#### [Directions for this task]
Skip the pictures and restate, word for word, the lines from the one containing "Meet the alpha" to the end of the data below.
-- Data follows --
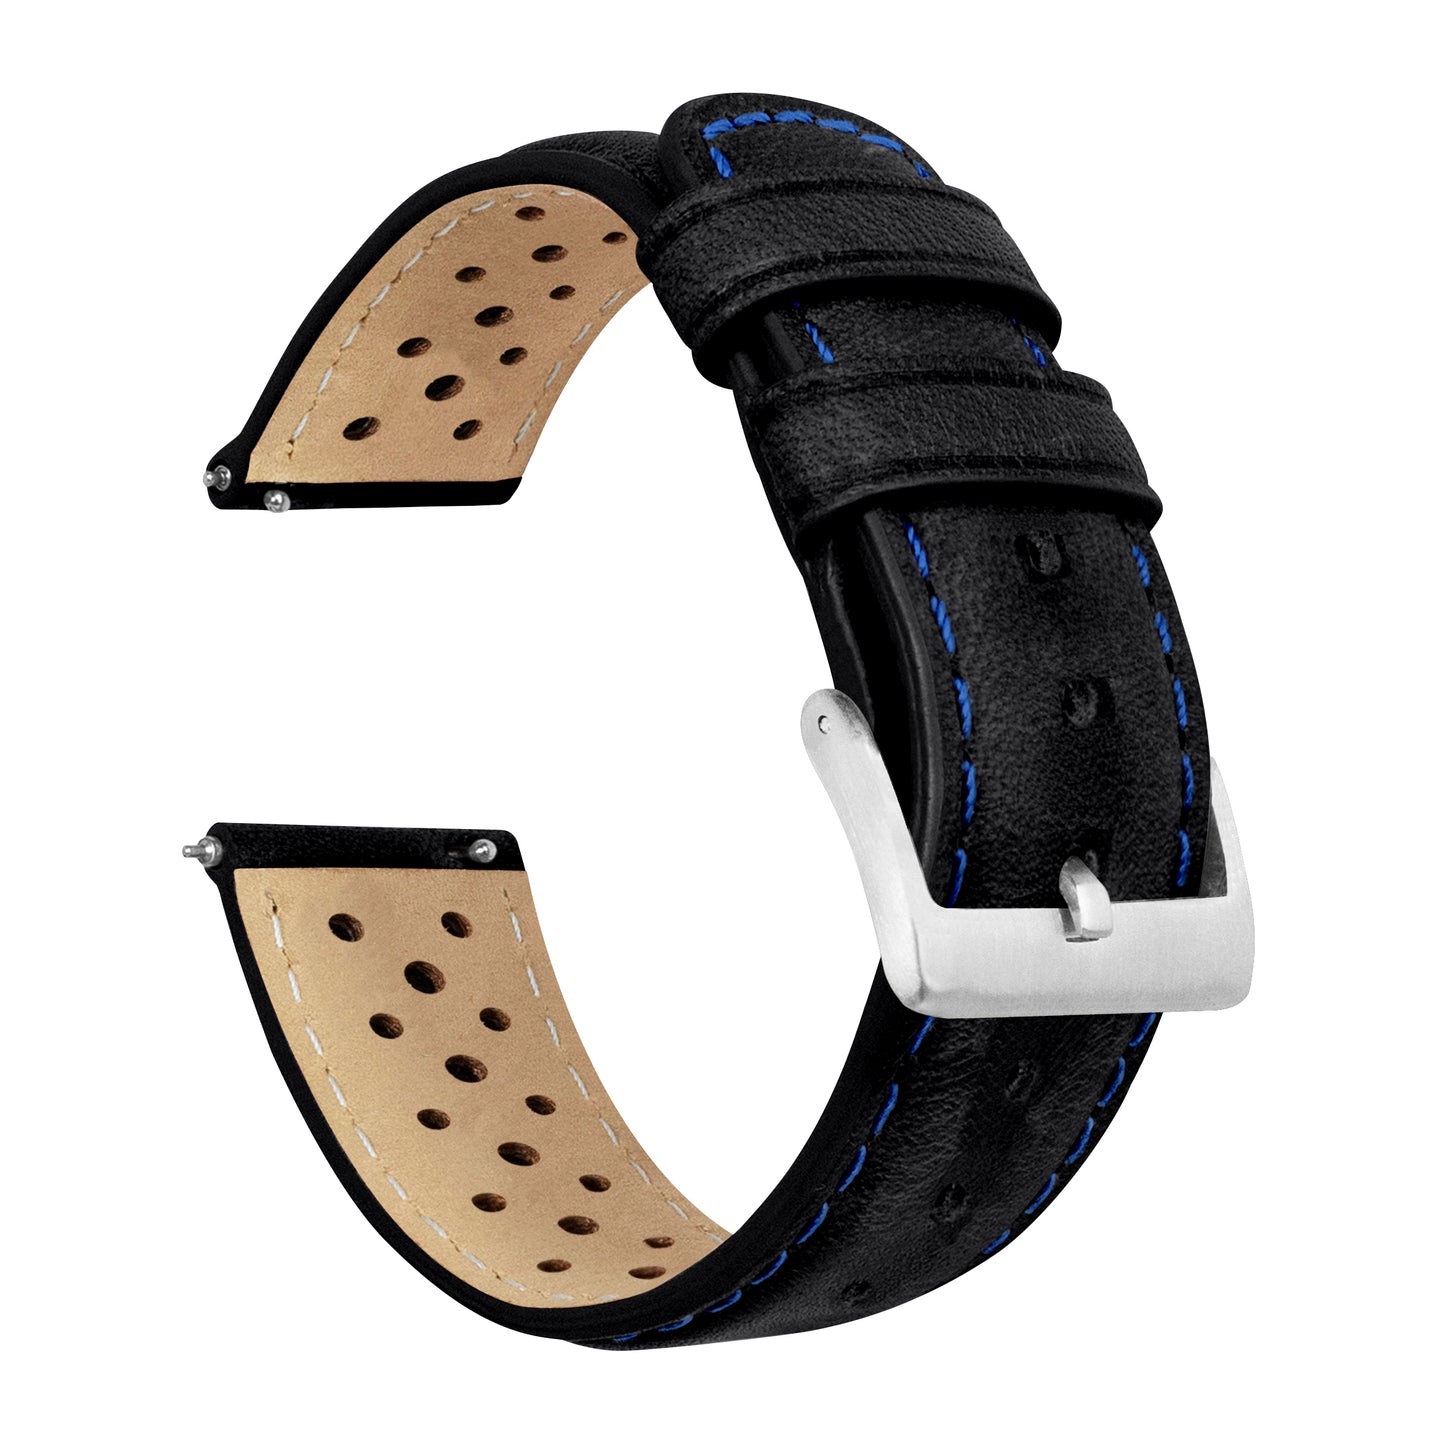 Samsung Galaxy Watch Active 2 Racing Horween Leather Black Blue Stitch Watch Band
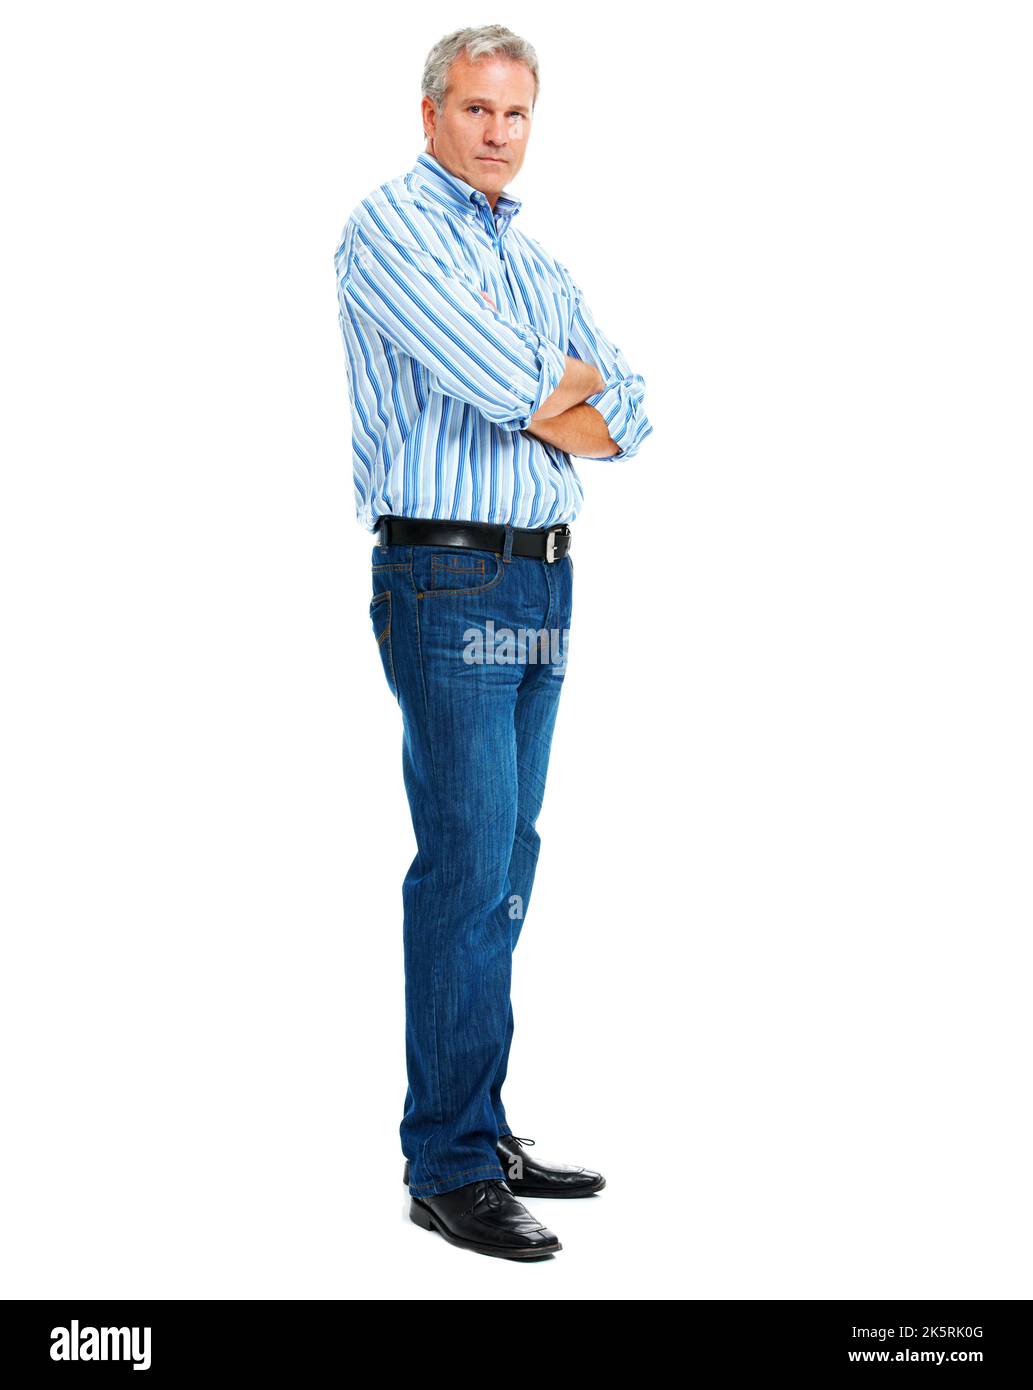 Meet the alpha male. Studio portrait of a serious looking mature man isolated on white. Stock Photo
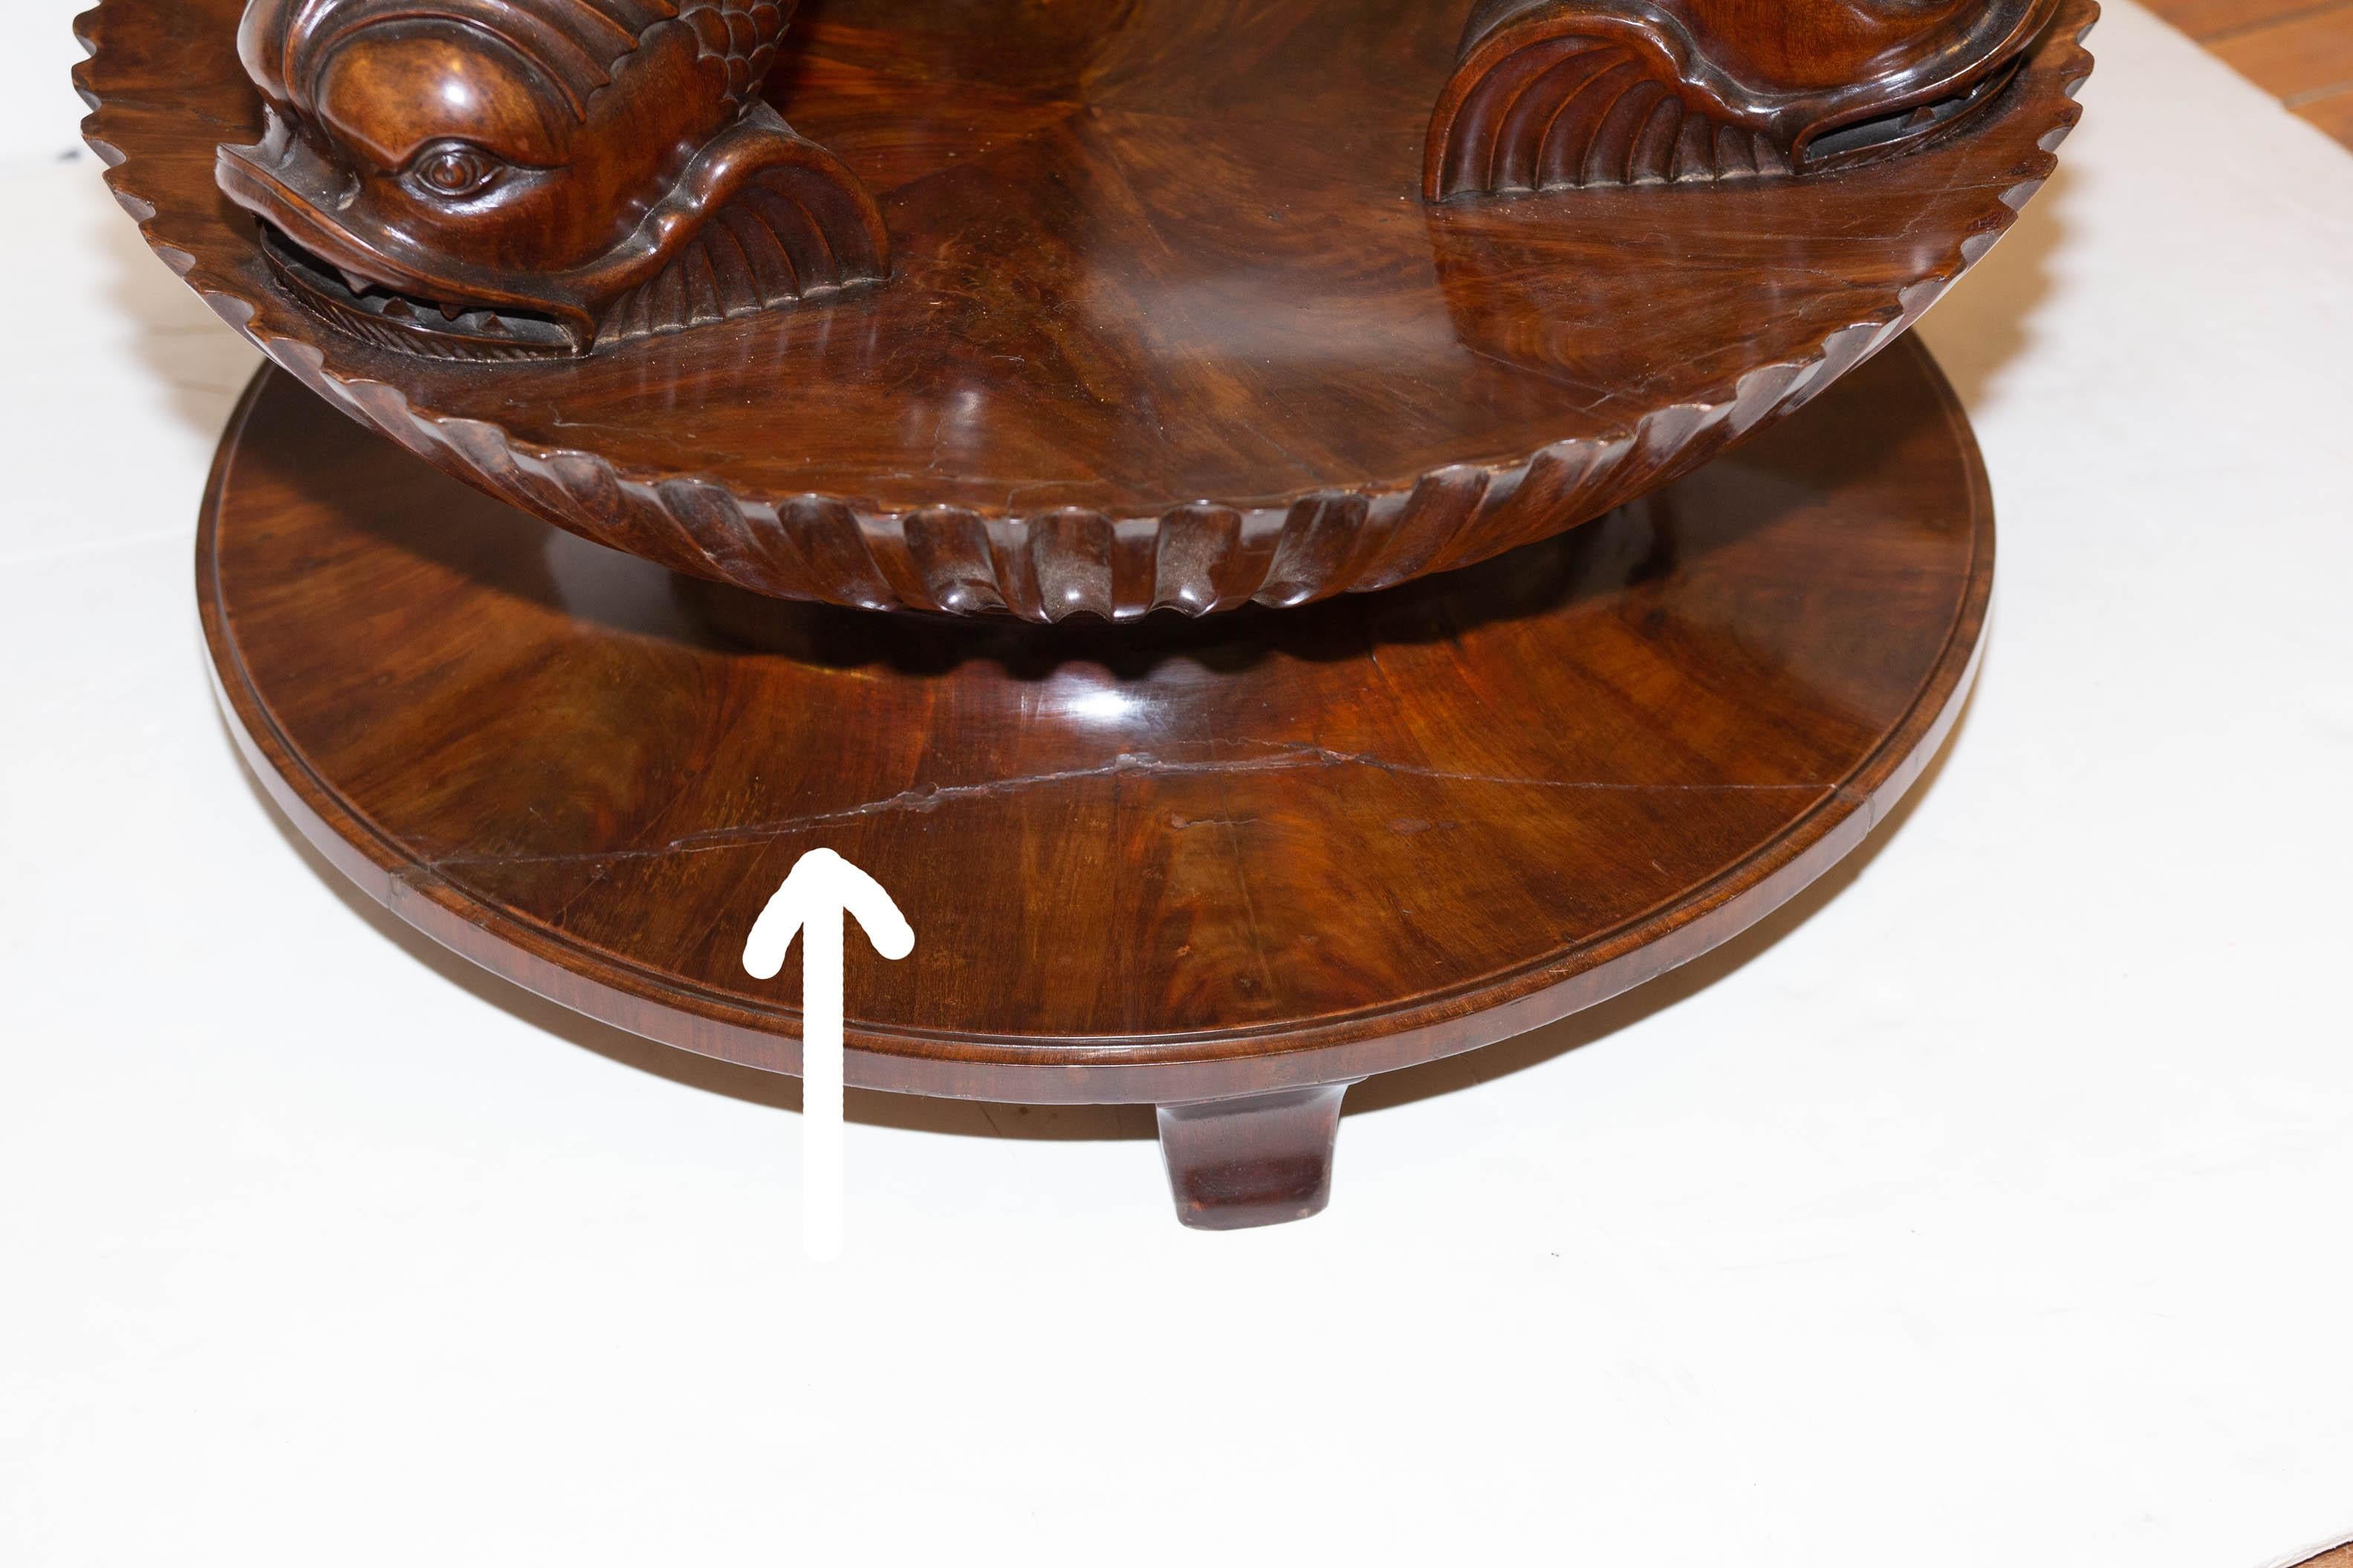 Antique Italian Neoclassical Sgagliola Table with Carved Dolphin Base circa 1810 For Sale 2
-- Data concluded --
#### [Result for this exercise]
 Meet the alpha male. Studio portrait of a serious looking mature man isolated on white. Stock Photo
 Antique Italian Neoclassical Sgagliola Table with Carved Dolphin Base circa 1810 For Sale 2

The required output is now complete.